> [PROBLEM DESCRIPTION]
The reply should reproduce every line of the data below word for word, minus any images.

> [SOURCE MATERIAL]
┄┄┄┄┄┄┄┄┄┄

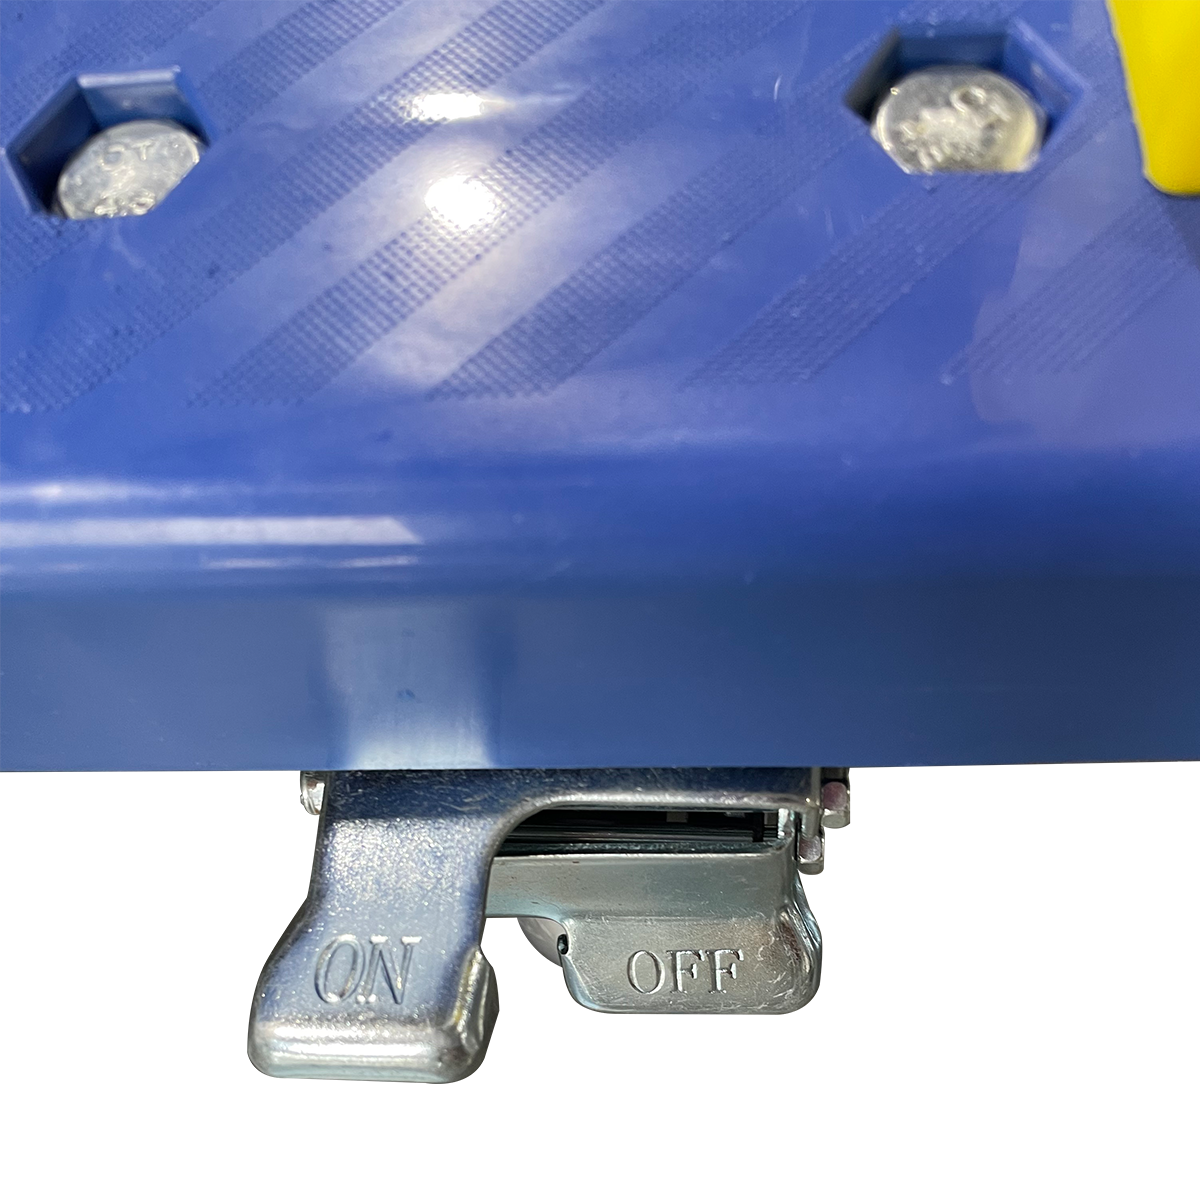 รถเข็นพื้นพลาสติก COMBI WARE แบบพับด้ามจับได้ ล้อสามารถล็อคได้ รับน้ำหนักสูงสุดได้ถึง 400 kg. สีน้ำเงิน
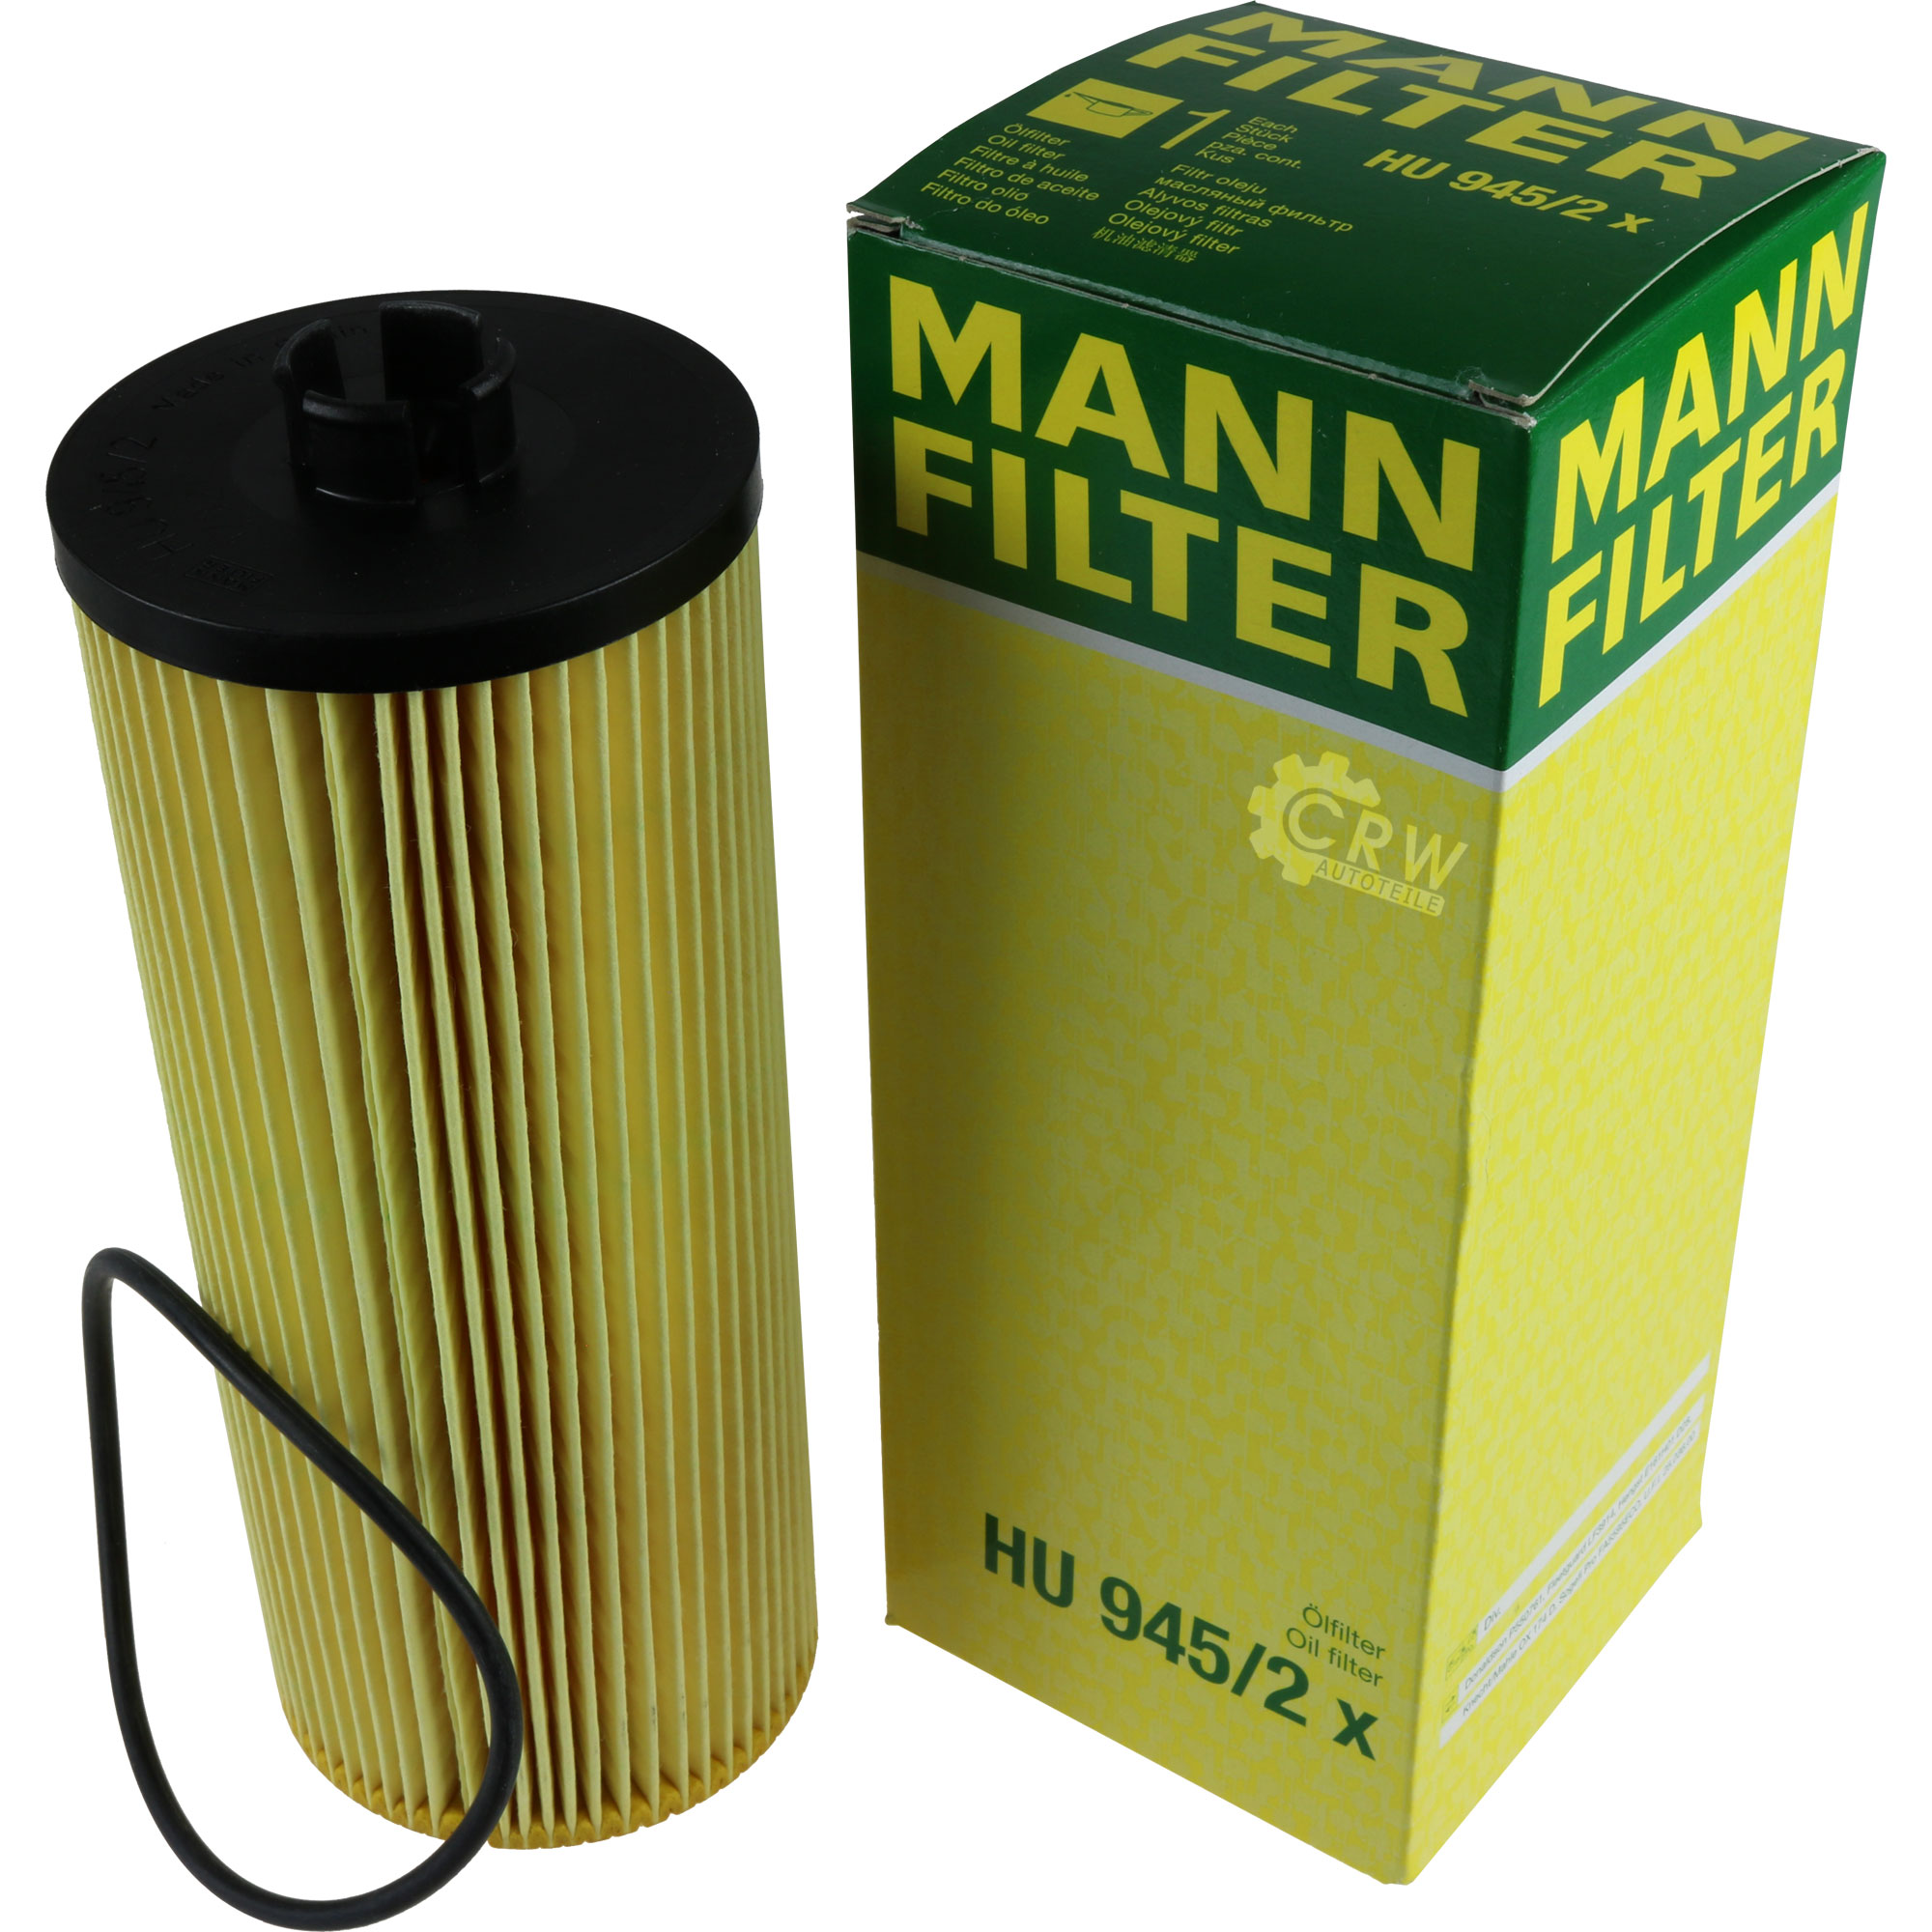 MANN-FILTER Ölfilter Oelfilter HU 945/2 x Oil Filter
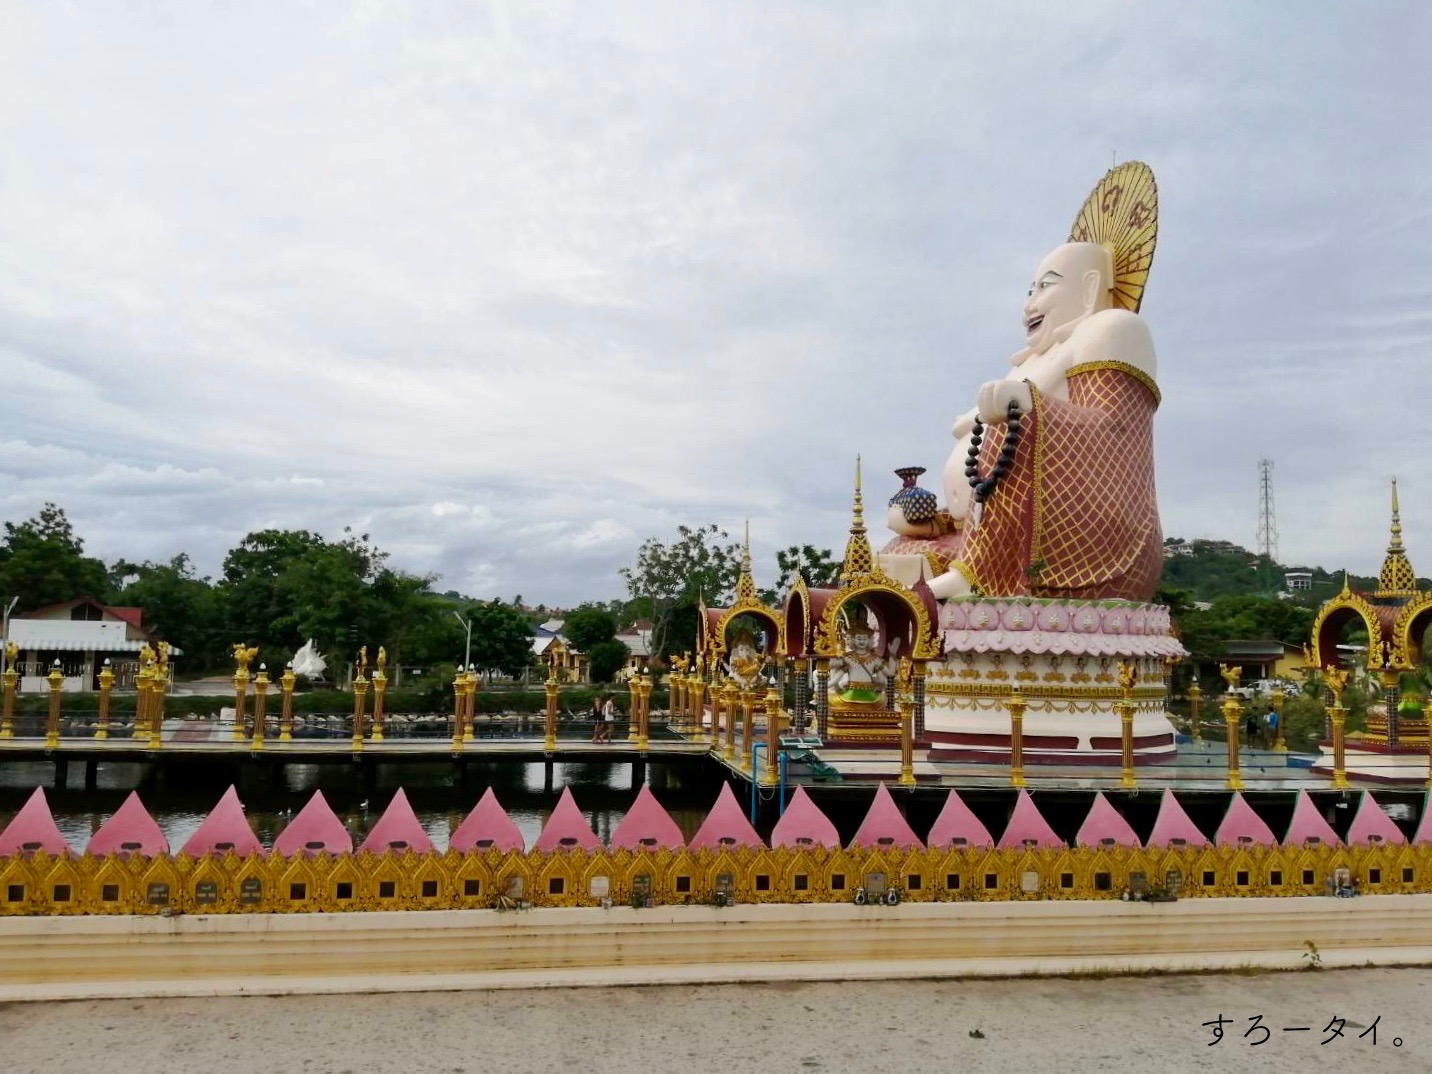 Wat Plai Laem　ワットプライレーム　ワットスワンナラム　サムイ島
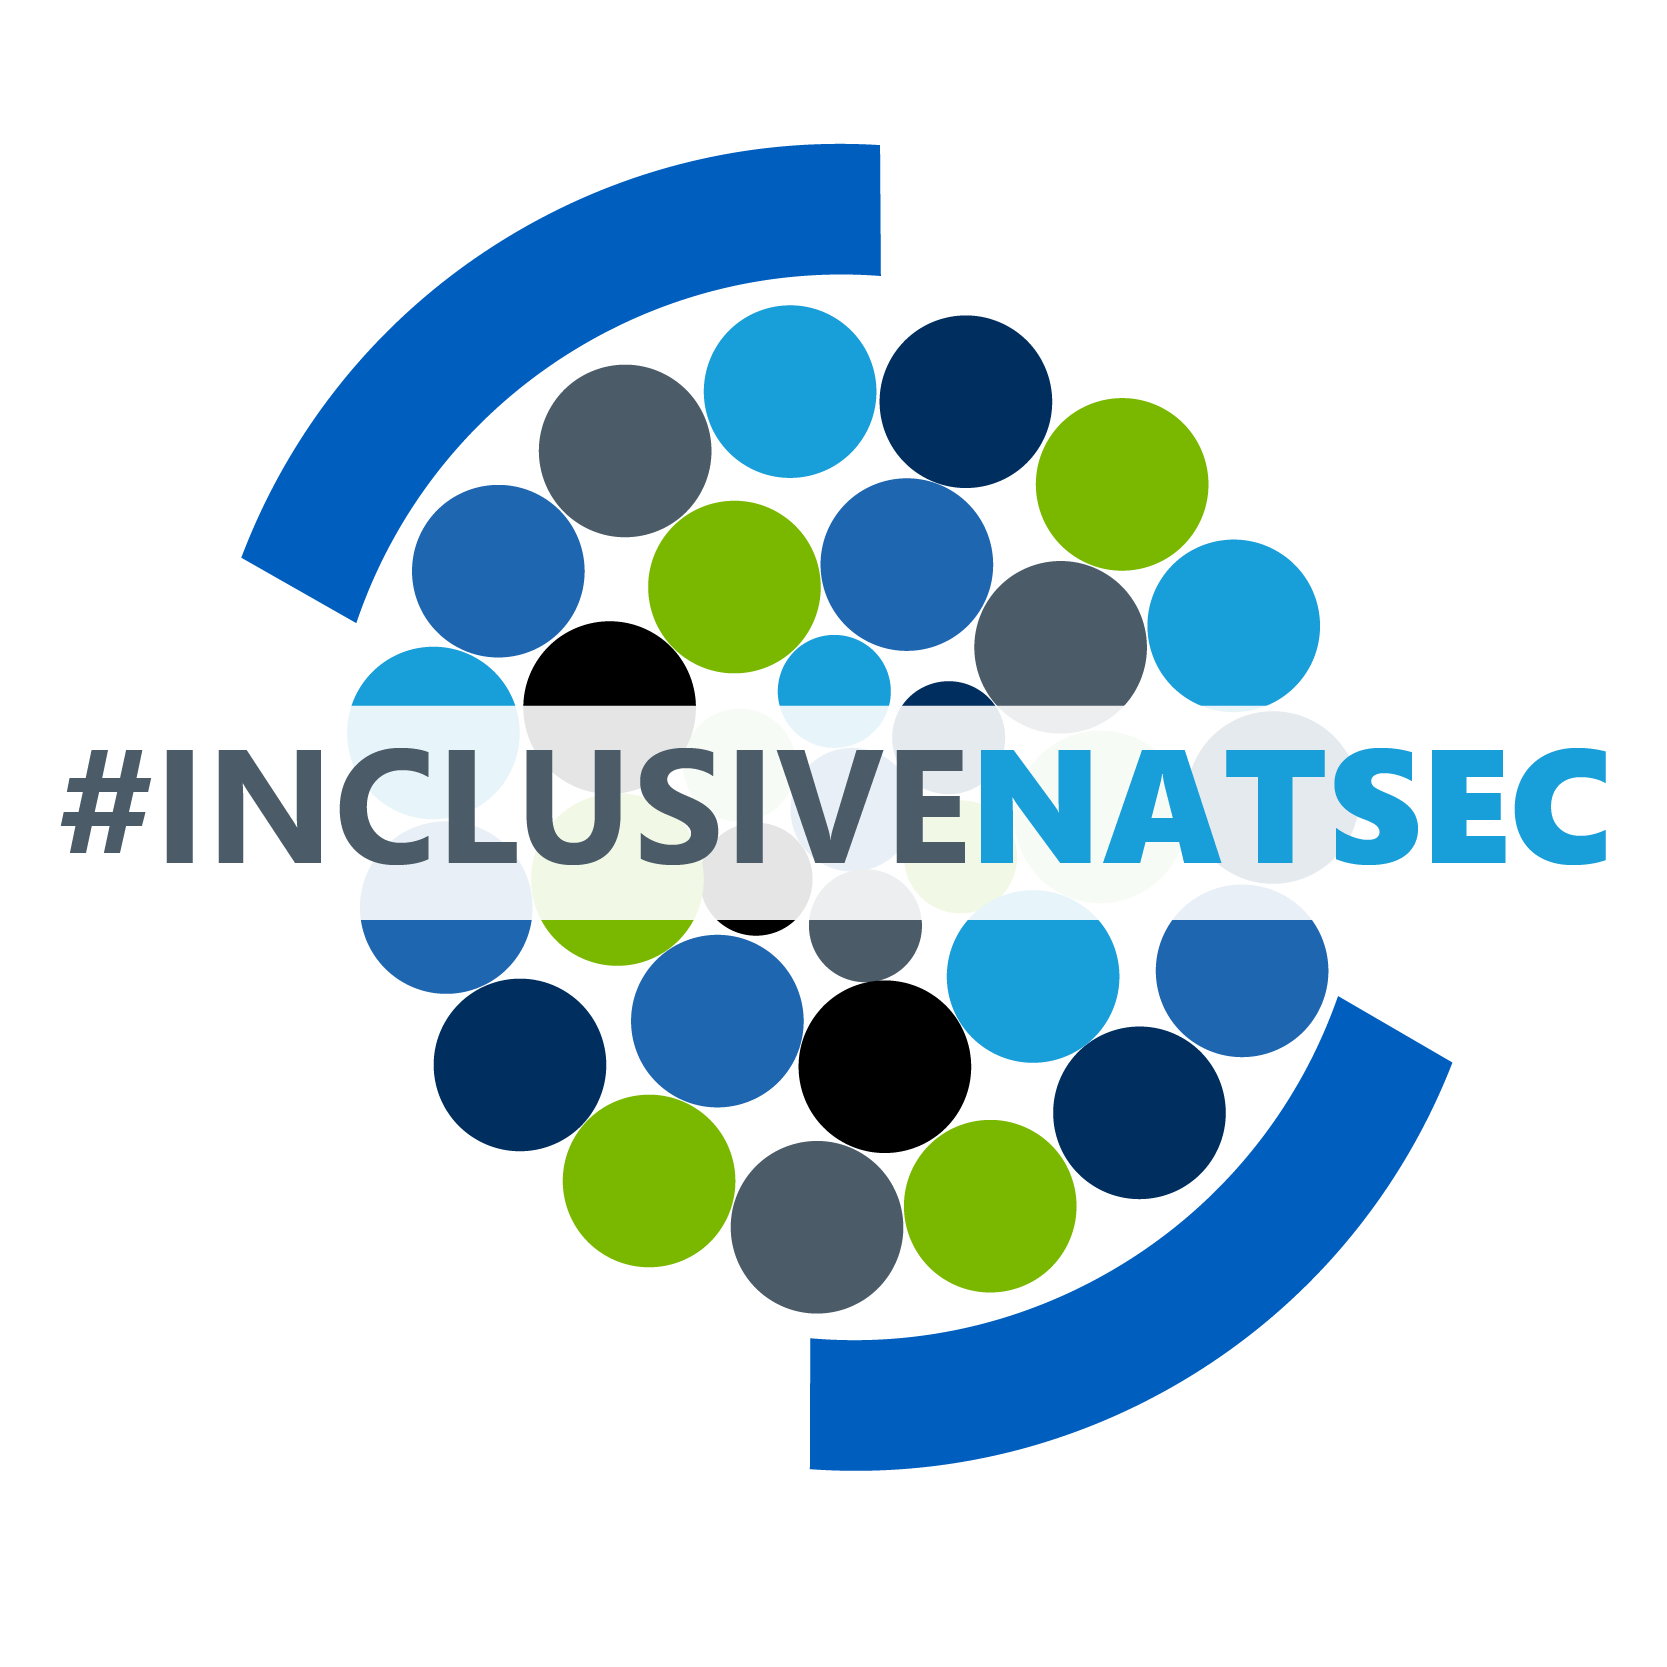 Inclusive NATSEC event graphic identity

┄┄┄┄┄┄┄┄┄┄

> [YOUR SOLUTION]
 รถเข็นพื้นพลาสติก COMBI WARE แบบพับด้ามจับได้ ล้อสามารถล็อคได้ รับน้ำหนักสูงสุดได้ถึง 400 kg. สีน้ำเงิน
 MANN-FILTER Ölfilter Oelfilter HU 945/2 x Oil Filter
 Wat Plai Laem　ワットプライレーム　ワットスワンナラム　サムイ島
 Inclusive NATSEC event graphic identity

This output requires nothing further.